The kitchen is run by chefs Willi Franz and Rene Haudenschild. These gentlemen do great work and are very well respected by their peers. In my experience, their kitchen has produced some of the finest dishes that I have had the pleasure to enjoy. The service in the dining room and on the patio is run by Willi’s wife, Marie Franz. She is an extremely charming and friendly woman, with a keen eye for detail. Between the three of them, all the guests at The Grapevine are in great hands.
As it was mid-afternoon I had already eaten lunch and it was too early for dinner. I had just stopped in for a snack, but for the benefit of my readers I wanted to share some information about having a full meal at The Grapevine. Lunches start from a very reasonable $13.50 for a gourmet soup and sandwich (you could easily pay this at a place like Earl’s or Joey’s) and run all the way up to $20.00 for a pan seared wild salmon fillet (still reasonable considering what you’re paying for). The item on the lunch menu that most stood out to me as something I would like to try was the “Vintner’s Veal Sausage w/ au jus, pan fried potatoes, and apple-fennel compote”.
For dinner, mains start at $20.00 for Grilled Mushroom Polenta and range up to $32.00 for the Mediterranean Seafood Pot. The dinner dish that interested me the most was teh Pan Roasted Free-Range Chicken Breast w/ Red Curry Sauce, Apple-Mango Stuffing, and Seasonal Vegetables. Both the lunch and dinner menus also feature suggested wine pairings for all the dishes, which is a great touch for those who are new to wine and food pairing.
For my snack, I opted for one of my favourite desserts, Berries Romanoff. My berries and ice cream were beautifully presented in a dacquiri glass and topped with whipped cream, berry syrup, a wafer cut into the shape of a “G”, a sugar sculpture (syrup that has been used to create an artistic design and allowed to harden), and a delicate flower. It looked almost too good to eat, but I’m glad I didn’t let my sense of aesthetics deter me, because once I dug in, it was superb. This dessert has a great contrast of flavours (tartness of the berries vs. sweetness of ice cream) and textures (crisp wafer vs. creamy ice cream vs. firm yet supple berries). If I really had to nitpick and find something wrong with the desert it would be that the berries they used weren’t local, but considering I was there before any of the local berries had ripened I don’t think they had any other choice.
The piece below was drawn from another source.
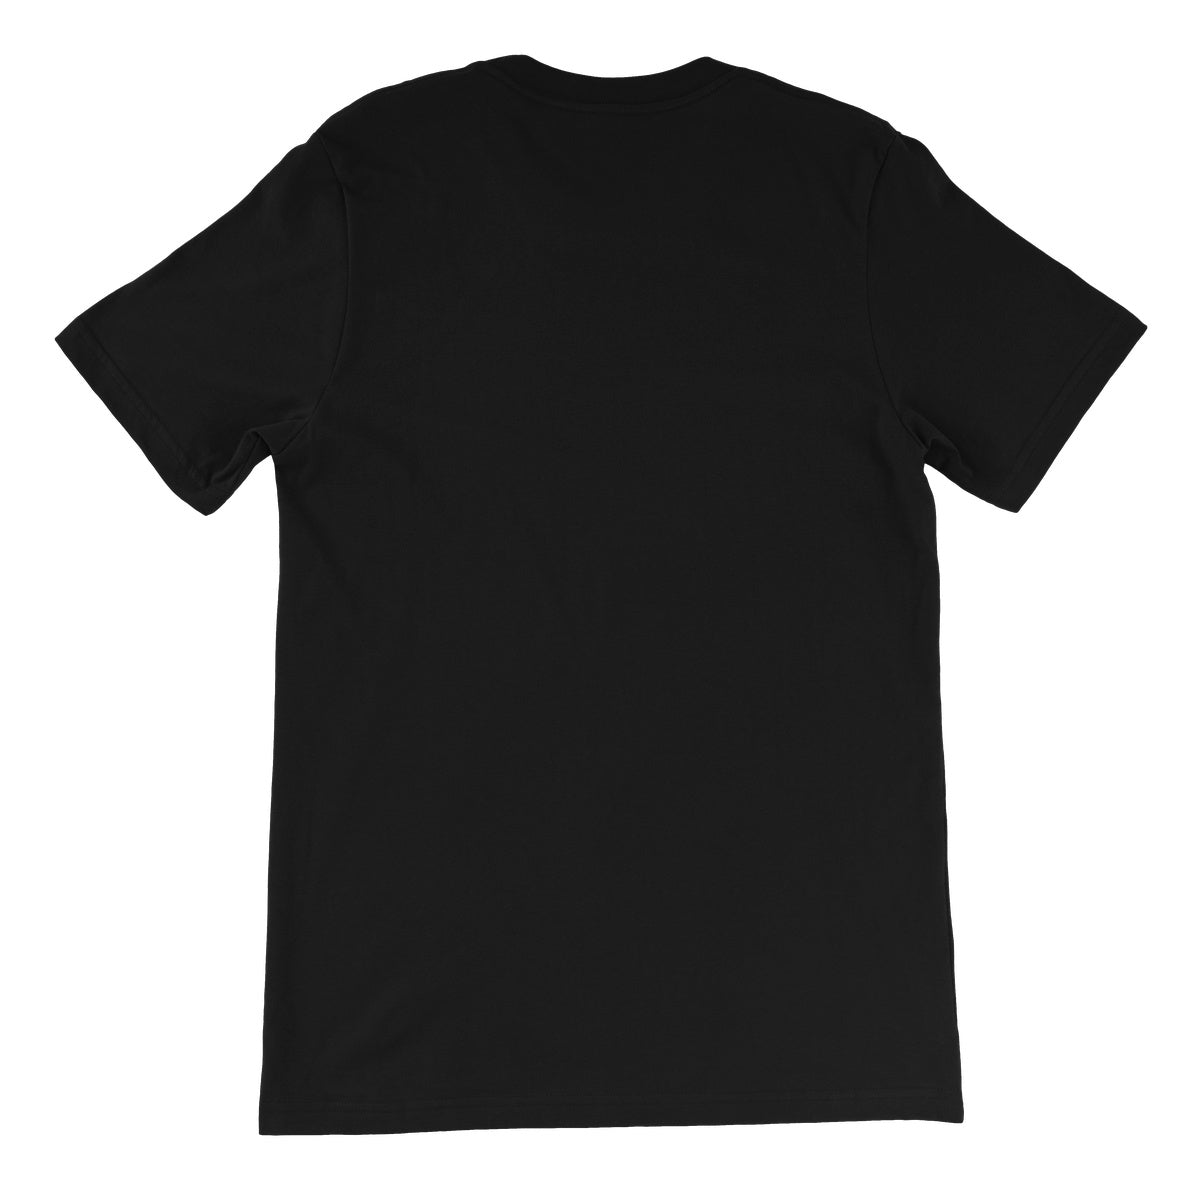 Bound For Glory 2020 - MCMG Unisex Short Sleeve T-Shirt

Acutally, my biggest complaint would be the wine I chose to enjoy with my dessert. I opted for their Pinot Auxerrois, which is a fantastic wine and one of my personal favourites. However, it is not a good pairing for ice cream. Its just not acidic enough to cut through the cream or sweet enough to go with a dessert. As I am the one who chose the wine, I can hardly fault the restaurant.
The service, as usual, was impeccable. Despite me finishing my tour around 3:30pm, which is when the restaurant closes between lunch and dinner, they insisted that they were happy to serve me. The service was prompt, polite and friendly. This is also one of those great restaurants where some of the staff seem to know what you want before you even want it. For example, I was just starting to think that I should get a glass of water and as I turned around to flag down my server she was already approaching the table with a glass in hand.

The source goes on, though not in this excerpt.